## Exercise details
When you reach the line containing "Bon état avec quelques pliures.", begin reproducing the lines exactly and continue through the end of the listing, leaving out the pictures.
====== Data shown ======
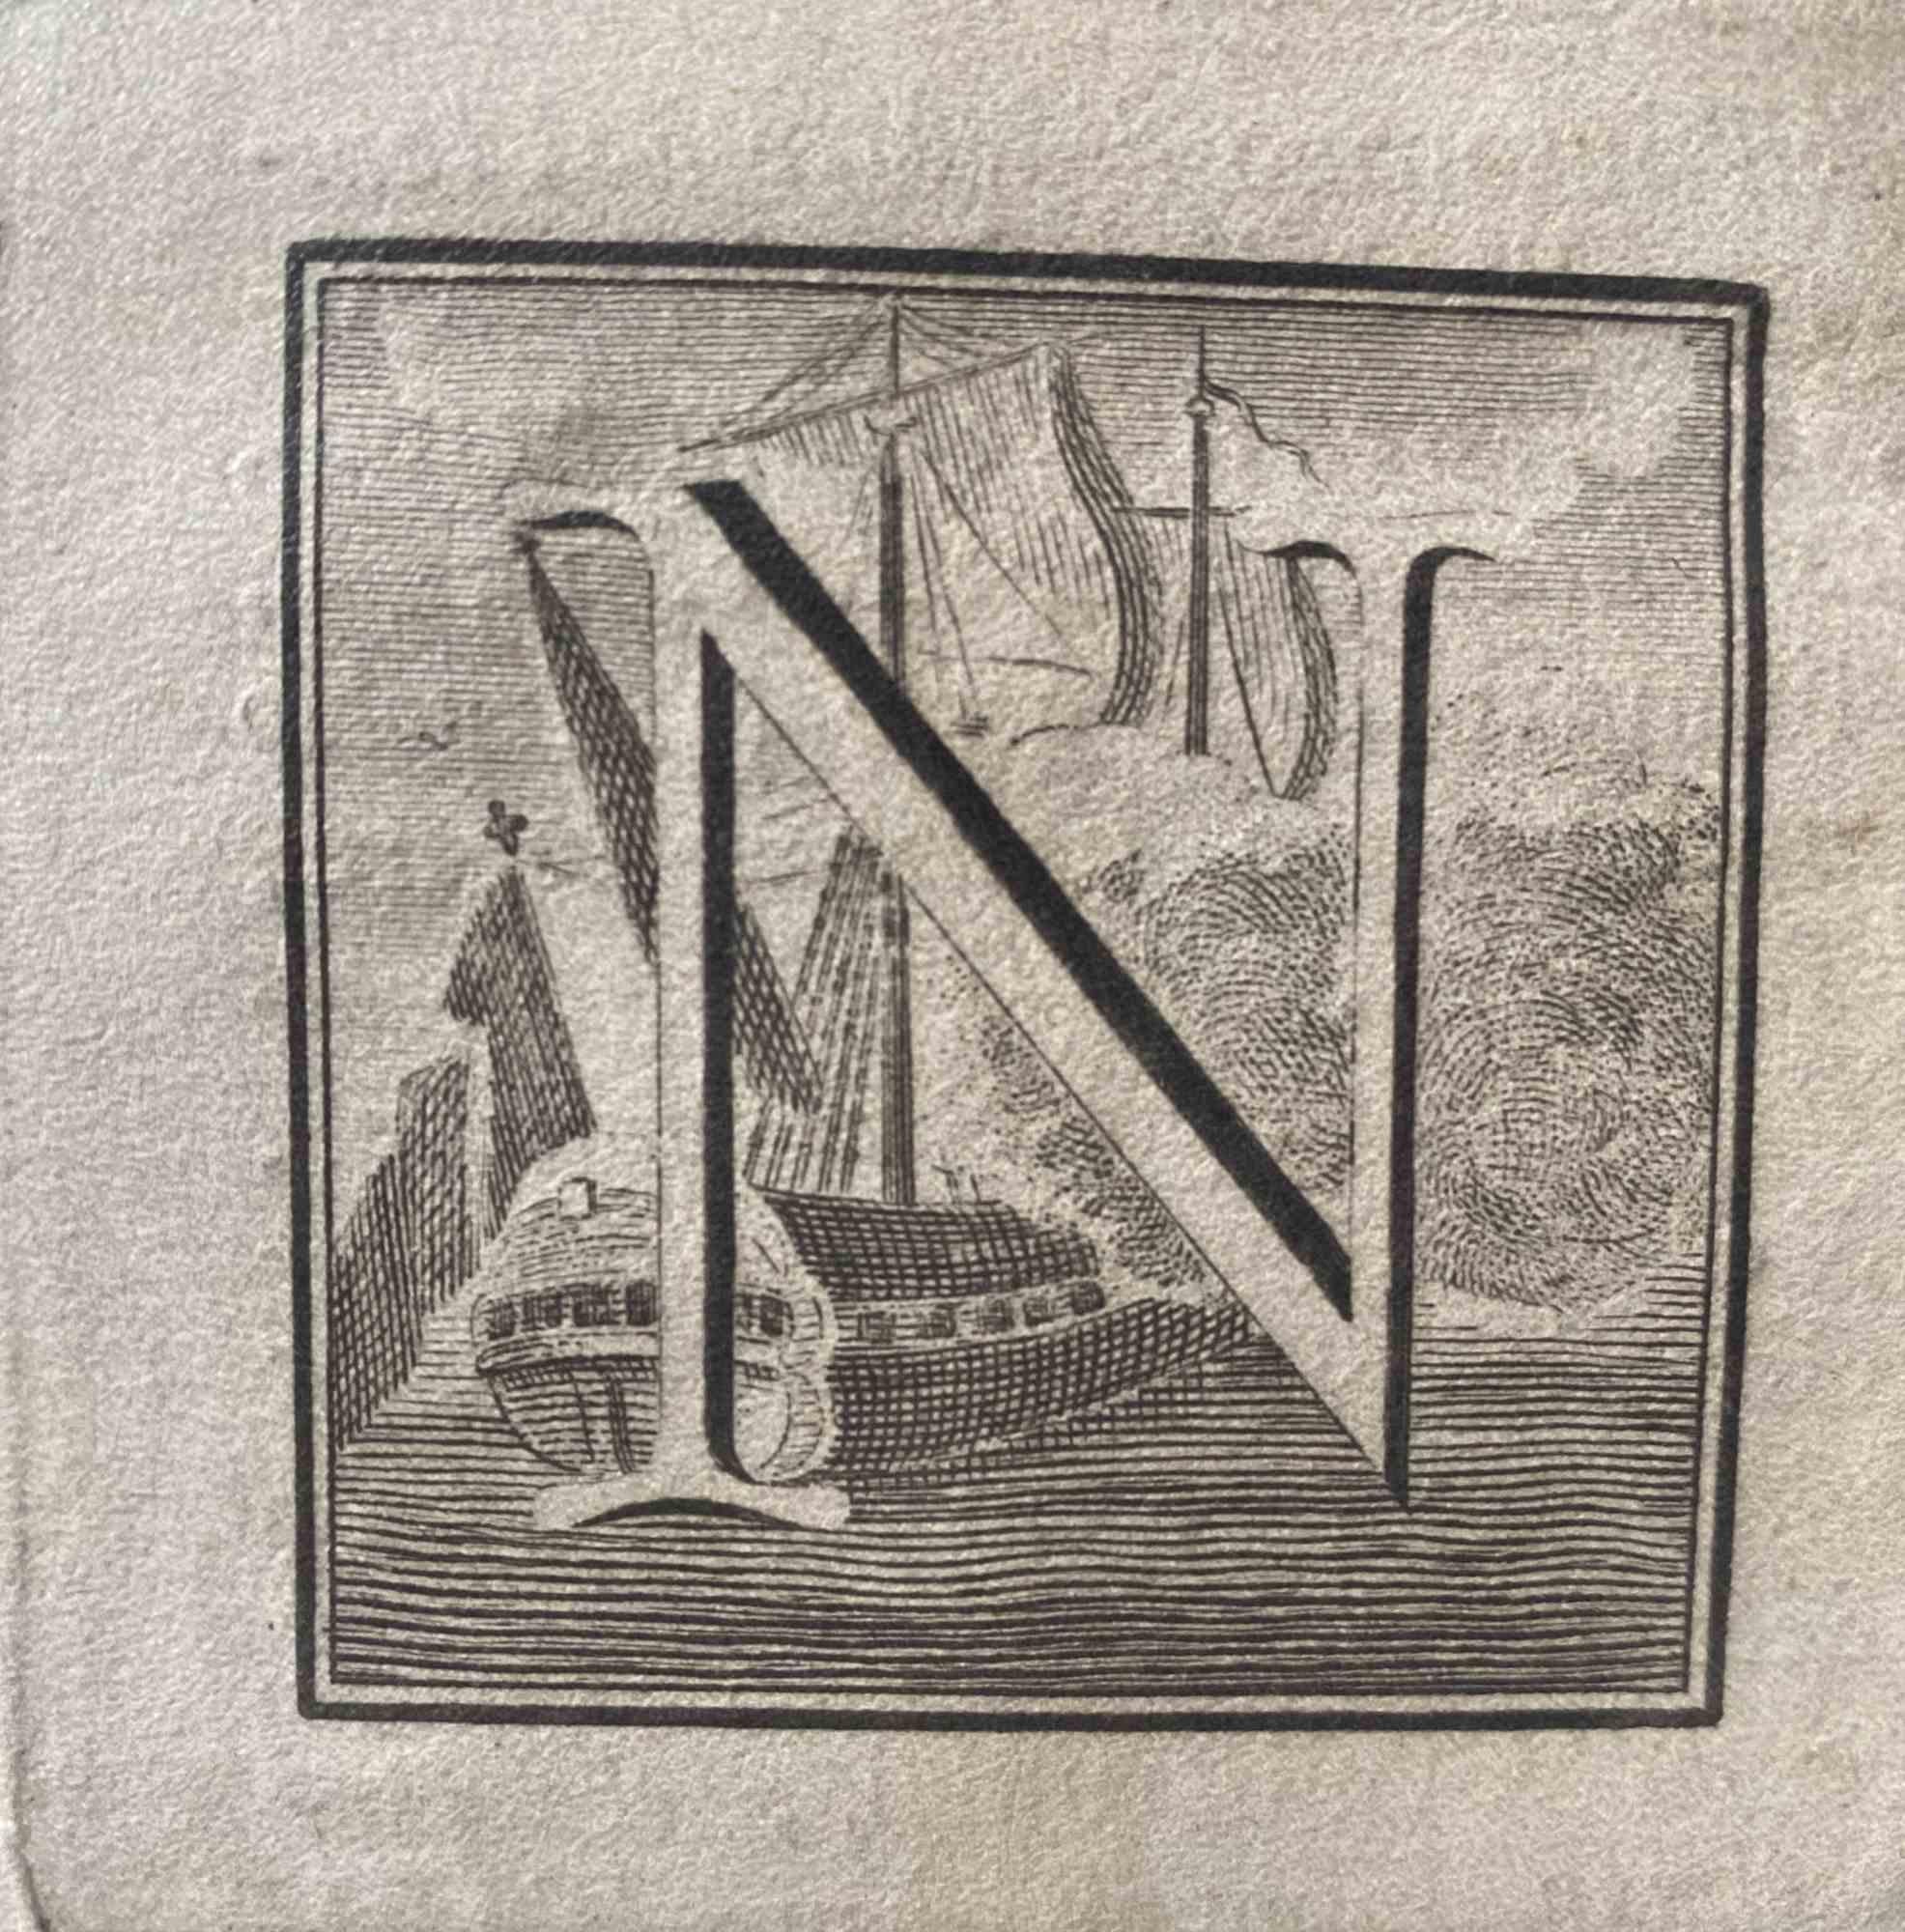 Lettre de l'alphabet N,  de la série "Antiquités d'Herculanum", est une gravure sur papier réalisée par Luigi Vanvitelli au 18ème siècle.

Bon état avec quelques pliures.

La gravure appartient à la suite d'estampes "Antiquités d'Herculanum
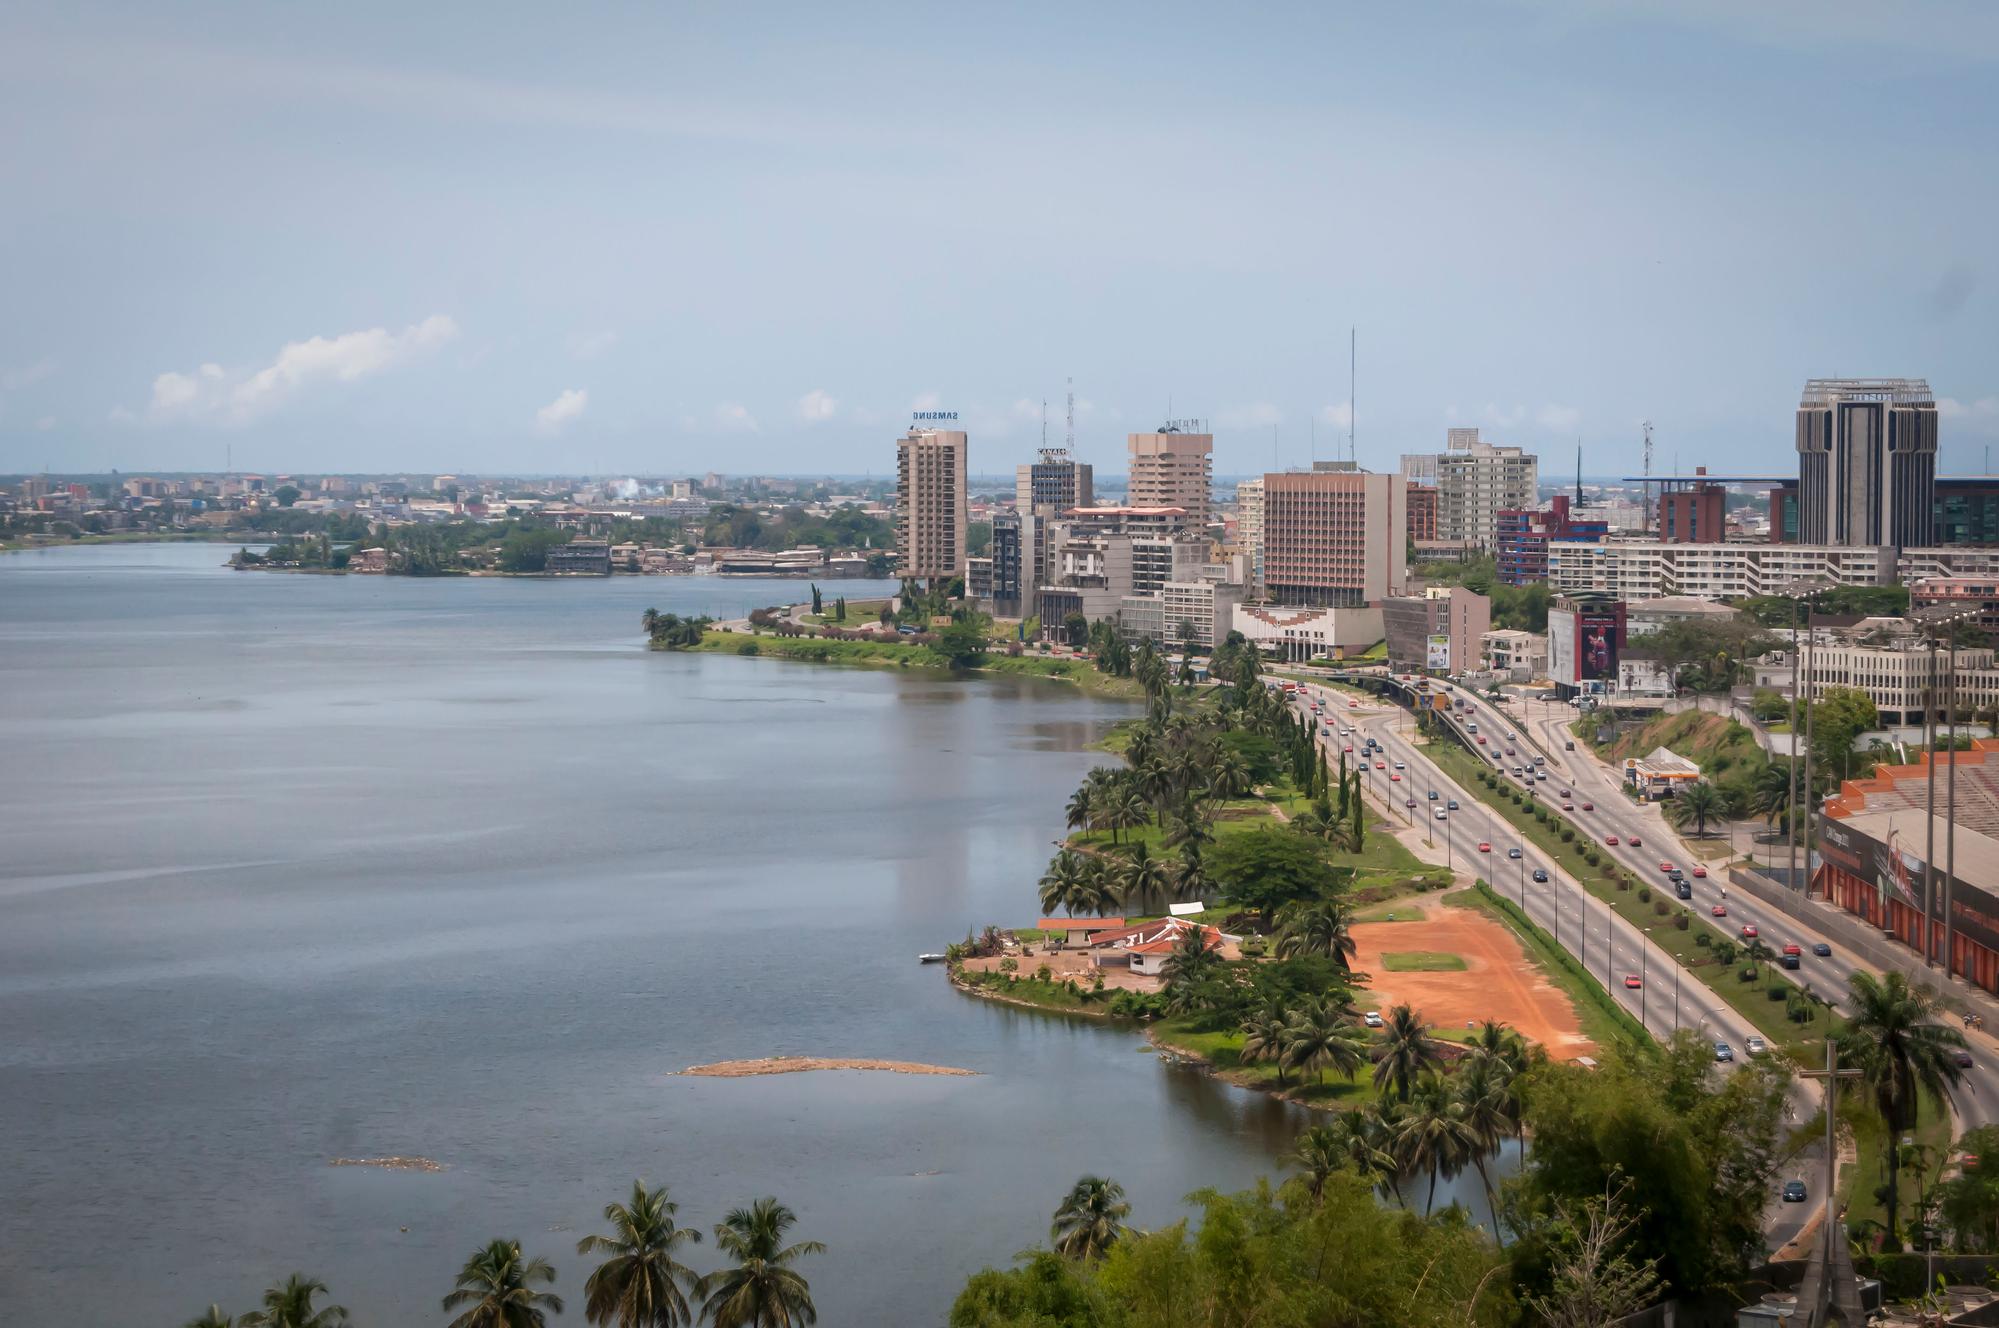  Abidjan
======
## Response to the task
Bon état avec quelques pliures.

La gravure appartient à la suite d'estampes "Antiquités d'Herculanum
  Abidjan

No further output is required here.